A 2008 study published in the British Journal of General Practice asked essentially the same question specifically in migraine and supported the earlier findings. The authors found that when a primary care physician conducts a history revealing a new-onset unilateral headache with nausea, there is an 80% chance that the diagnosis is migraine. They felt that their data countered the idea that expanded use of MRI is useful in headache screening.

A new inquiry into the utility of multiomics in diagnosis, published this past May in Nature Medicine, assessed the diagnosis of type 2 diabetes mellitus. The researchers developed models for predicting insulin resistance using a combination of clinical measures along with patient data gleaned from a parade of "omes": The genome, immunome, transcriptome, proteome, metabolome, and microbiome were all assessed in the study.

The authors concluded that these omics measurements could replace traditional tests, which the paper deems burdensome.

Given the different possible manifestations of the condition, however, one of the authors of the paper, Michael Snyder, PhD, of Stanford University, was asked about the differential utility of multiomics. "Multiomics and big data will be powerful for diagnosing and subtyping complex diseases," says Snyder, who is Stanford W. Ascherman professor and chair of the Department of Genetics, and director of the Center for Genomics and Personalized Medicine. "For example, diabetes is a highly heterogenous disease, and making many measurements will likely distinguish its different subtypes."

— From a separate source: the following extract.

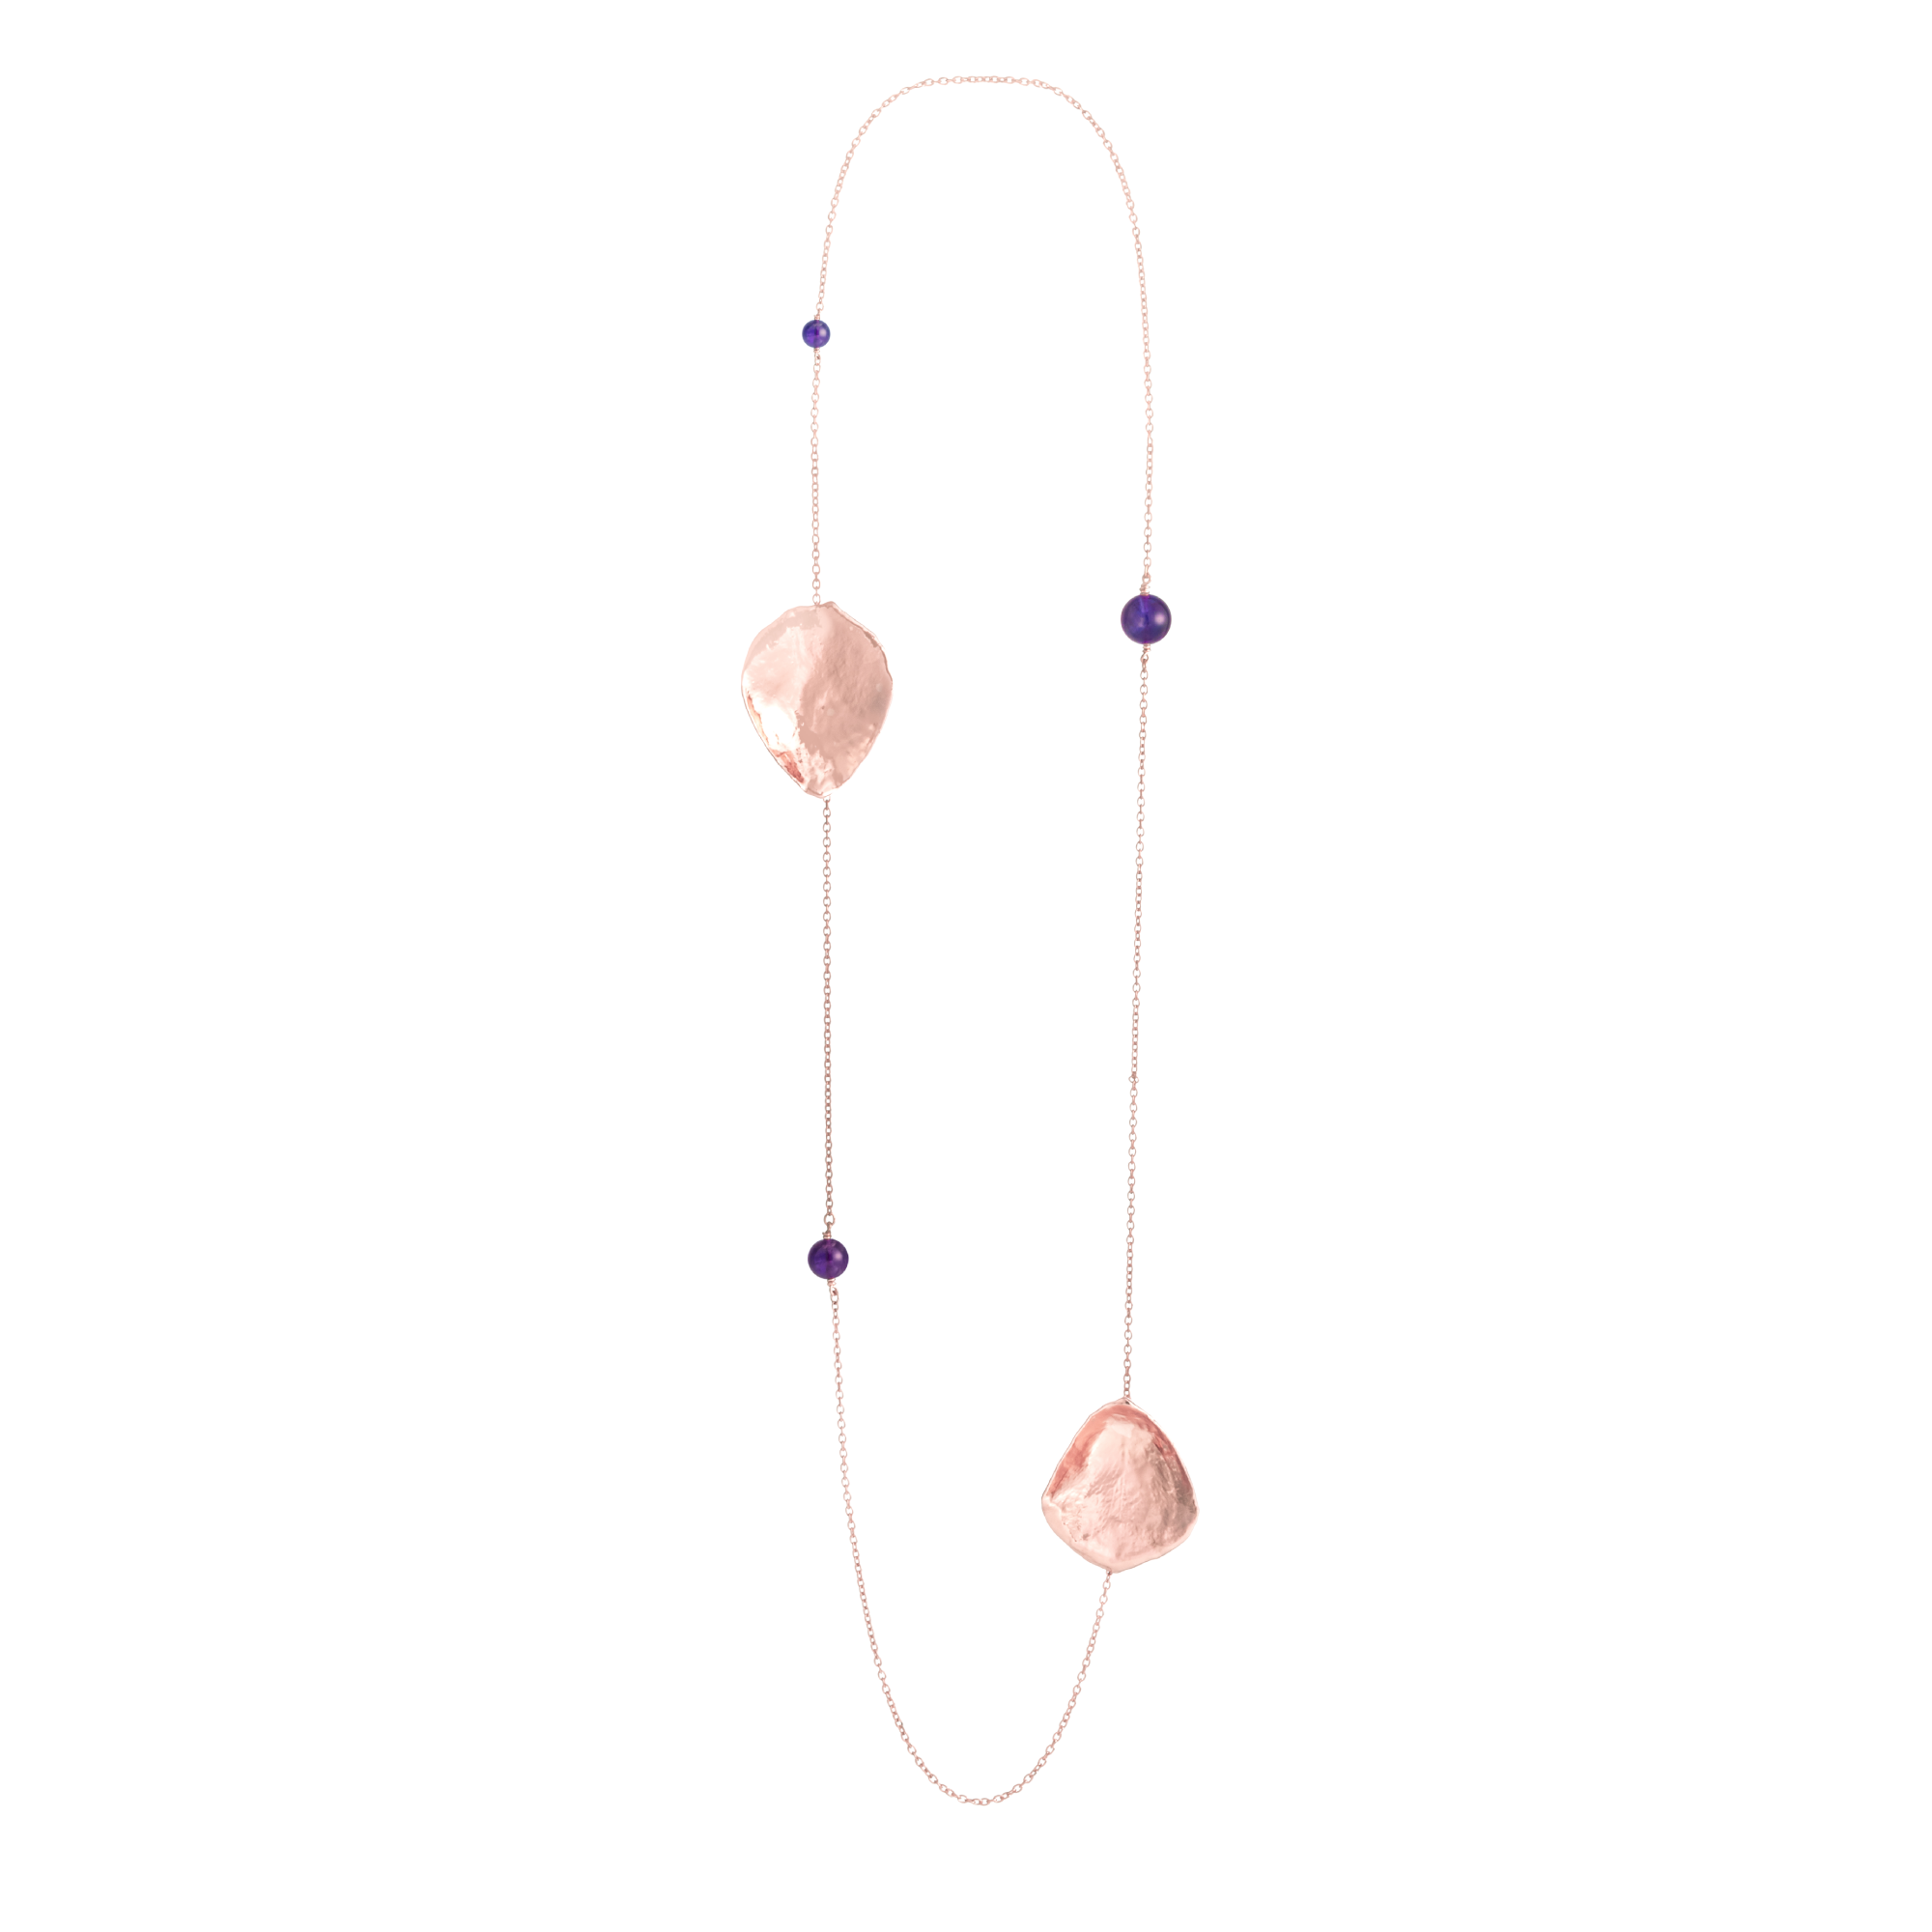 Love Rose Petals Necklace with Amethyst

[P]lenty of clinicians still believe in the value of simply talking to their patients...

Geneticist Angus John Clarke, a professor at Cardiff University in Wales, has argued that environmental and epigenomic factors render genomic data of minimal use without also considering family history data. Yet with multiomics now accounting for epigenomic and environmental factors, these concerns eventually may be overcome.

Adding another perspective, McKee, the Belfast genomics consultant, suggests that the new technology has set the stage for medicine to finally back away from a reliance on large devices and suites of laboratory equipment. "Paradoxically, as medicine becomes more data oriented and technology driven—by orders of magnitude—its intrusion into our everyday lives as patients will become less, and we'll hardly even recognize it as medicine," suggests McKee. "That sounds like a very attractive goal."

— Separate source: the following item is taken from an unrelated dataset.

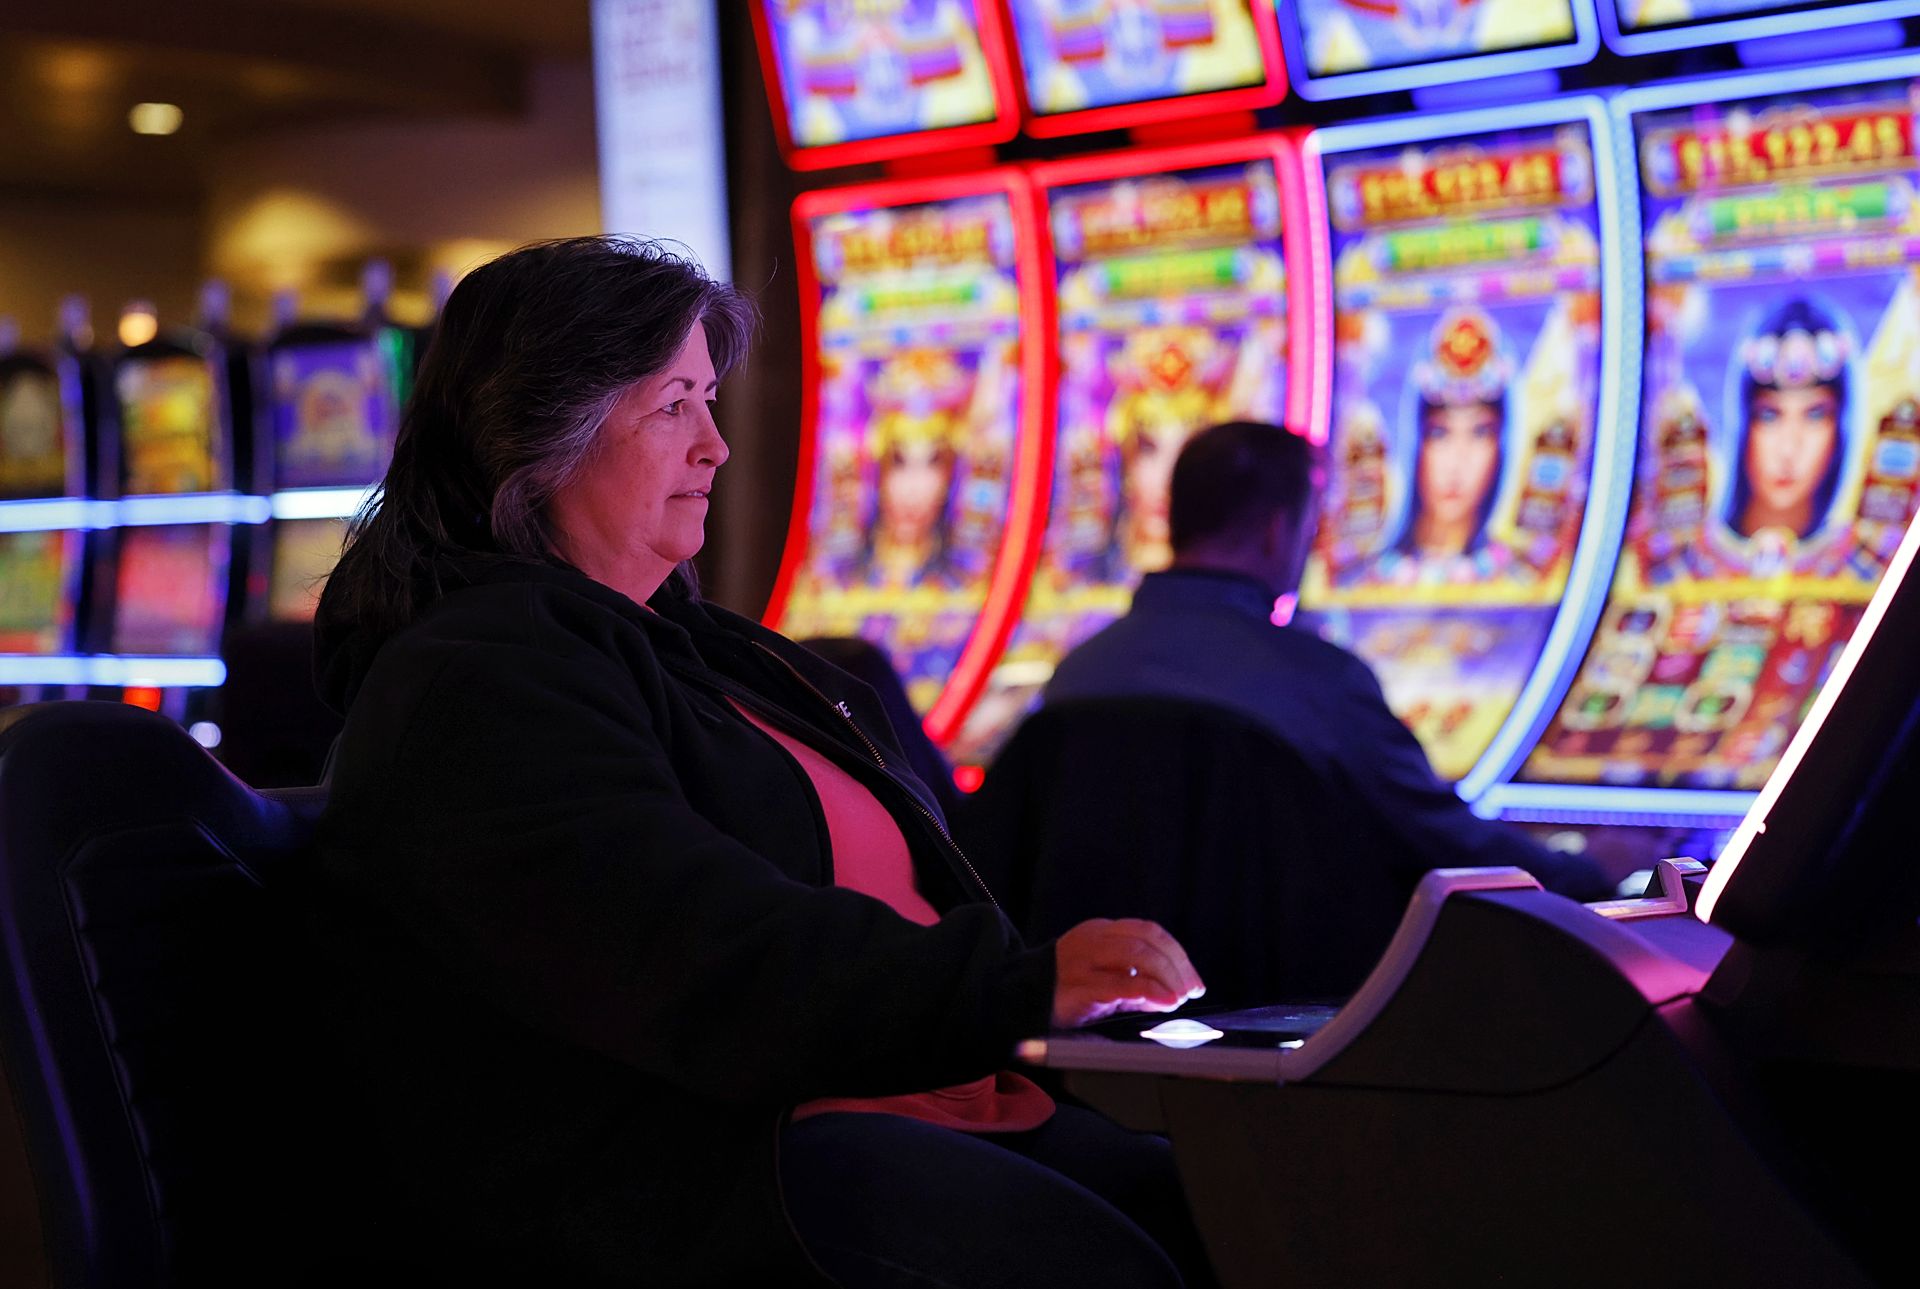 Tami Heinrich plays a game at Miami Valley Gaming on Thursday, January 6, 2022 in Lebanon.  NICK GRAHAM / STAFF

Plenty of clinicians still believe in the value of simply talking to their patients, however, even if not for the explicit purpose of obtaining data relevant to a diagnosis.

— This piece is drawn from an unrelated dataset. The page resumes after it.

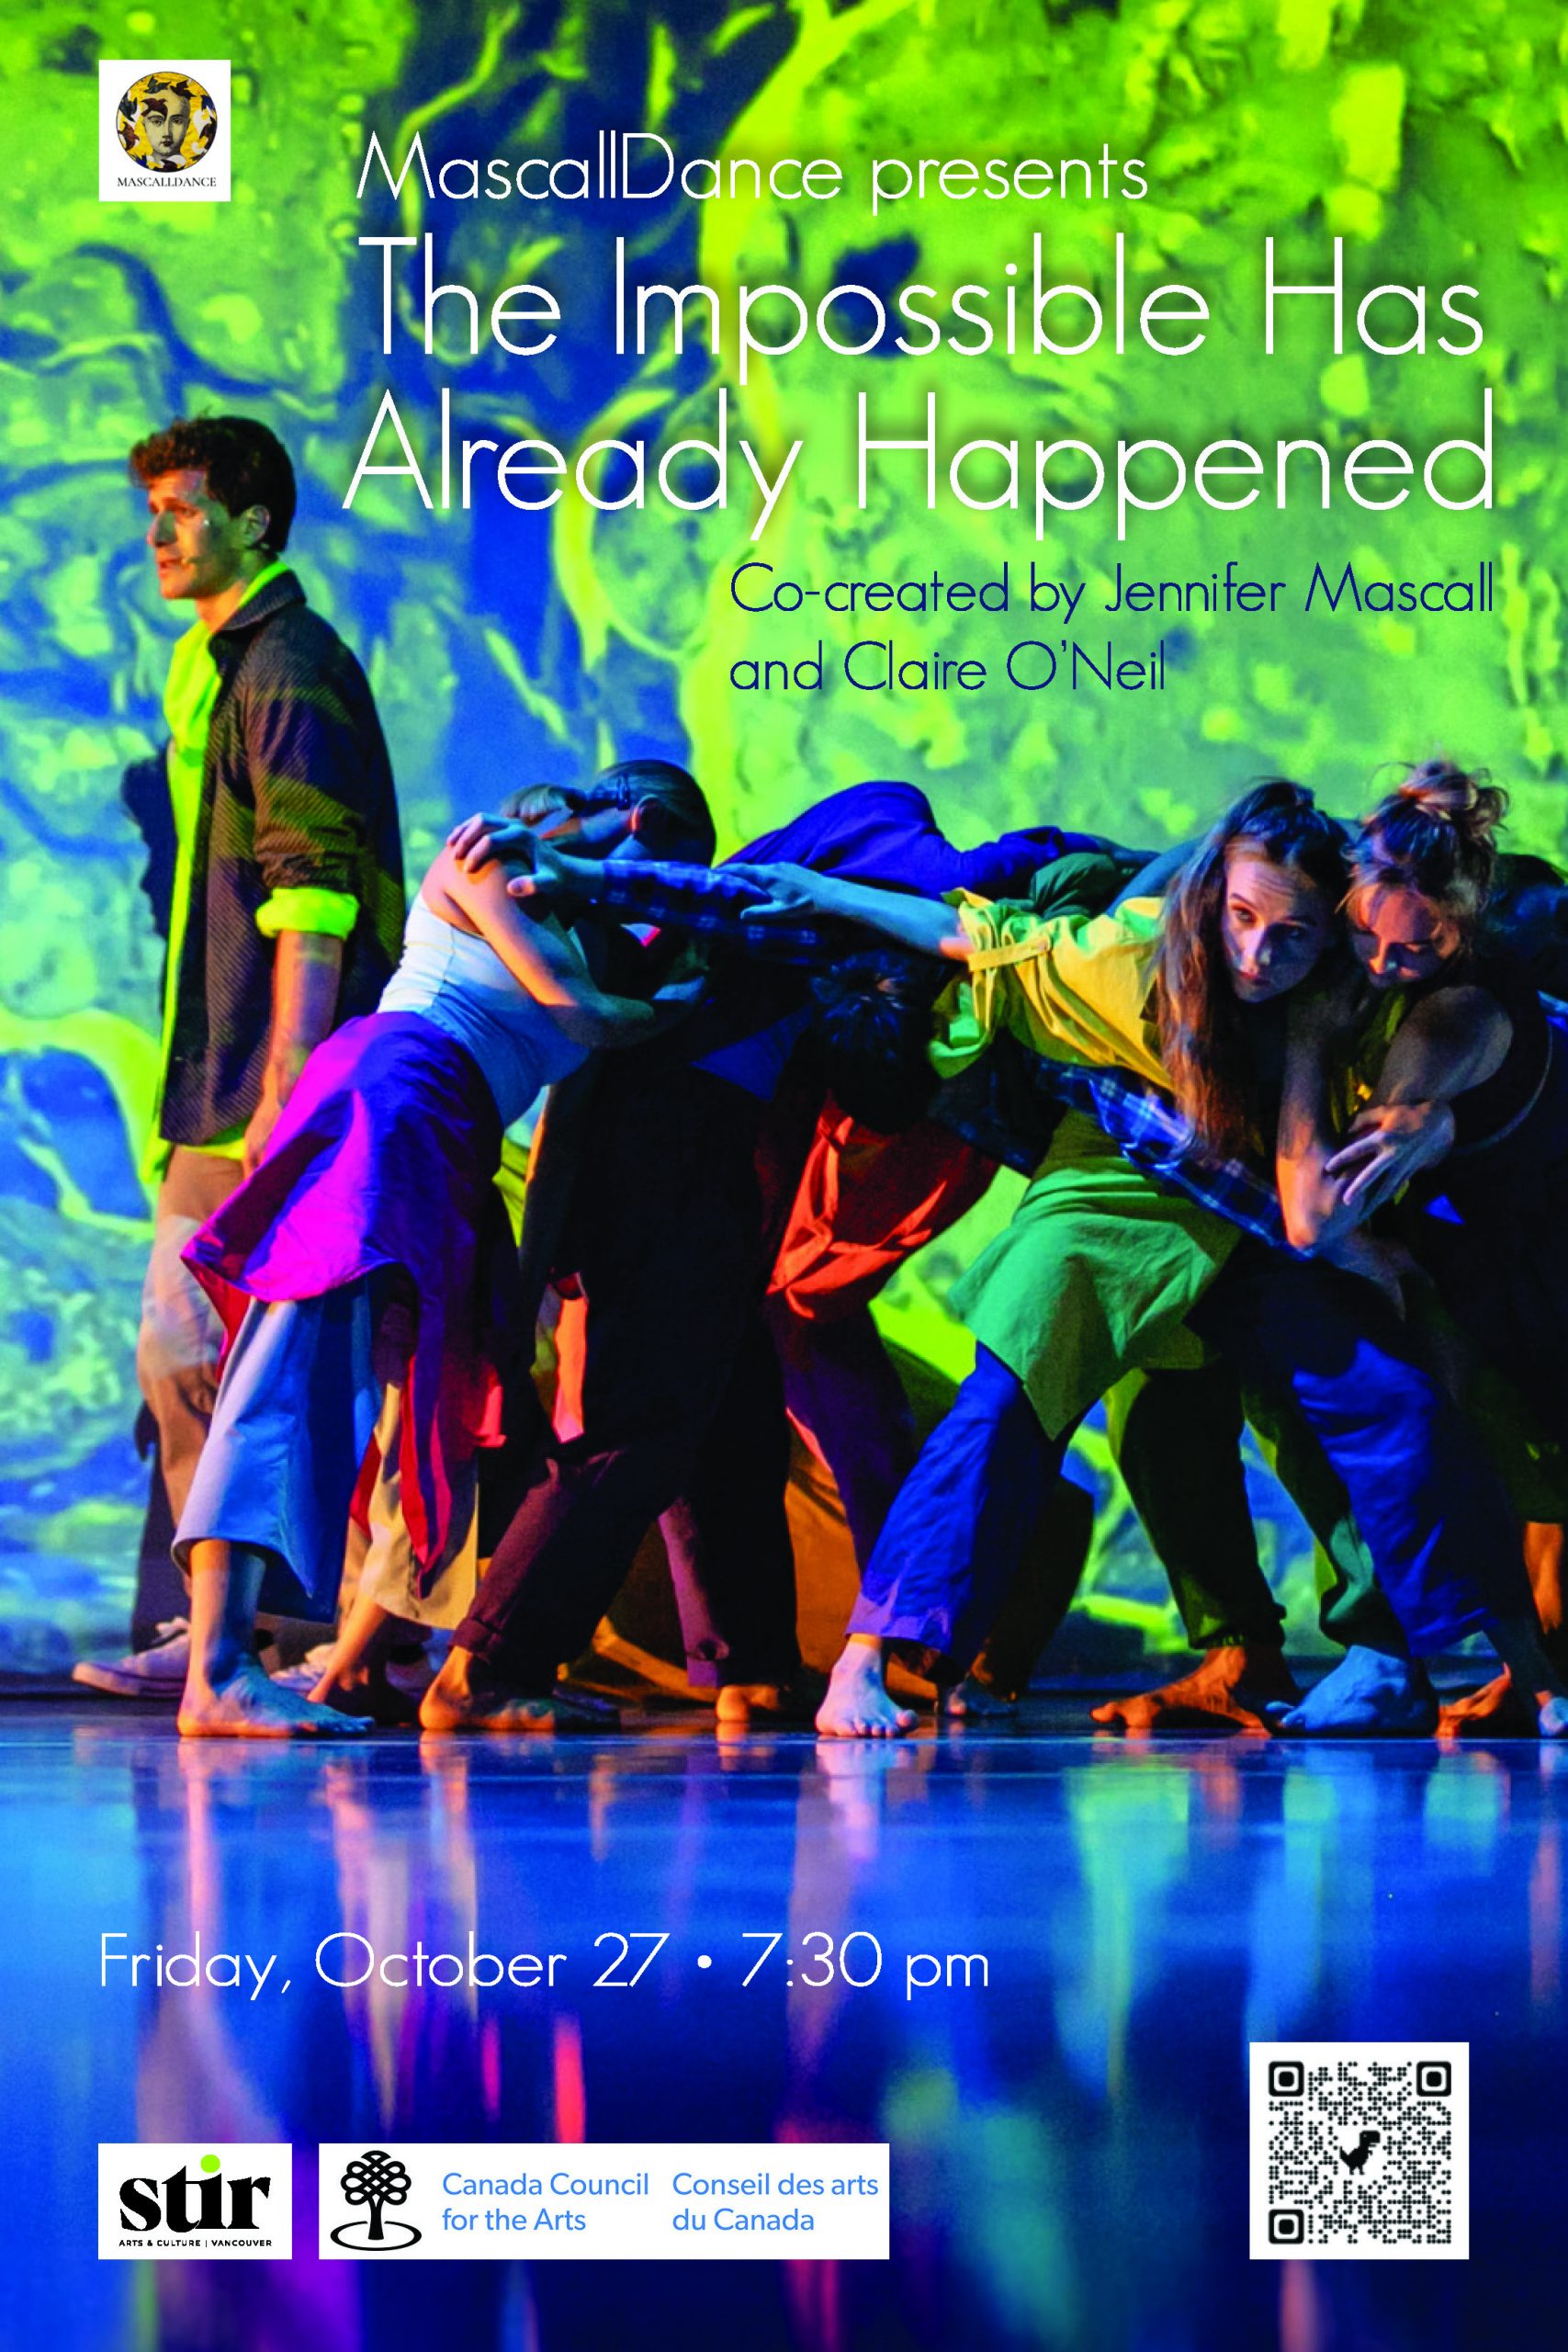 Poster for MascallDance's The Impossible Has Already Happened

PhenoMx, a biotechnology company based in New York City, is commercializing what it calls a personalized digital physical examination. The idea is to make MRI more accessible to the public and use full-body scanning as a preventive tool, as opposed to its typical use in diagnosis. Despite the company's mission, COO Mark Luhovy, MD, isn't suggesting that physicians abandon the tried-and-true patient encounter.

"Integrated multiomics, next-generation imaging, and wearables' data will reduce physician diagnostic speculation and enhance prognostic modeling capabilities," he says. "But the patient story must remain preserved to ensure an authentic connection. Not all of the information exchanged during a physician-patient interaction is quantifiable."

Stanford Medical School's Stanford Medicine 25 program is one of the leading programs intent on fostering bedside medicine. Through various in-person and online courses, it trains young physician on the importance of observing and connecting with their patients, which typically includes a thorough physical exam and patient history.

In a recent video published on Medscape, program director Dr Abraham Verghese commented, "...the more things that we can do at the bedside and interpret for the patient, the better. The key element is that we should still be there; it would be a mistake to do those things and disappear ourselves."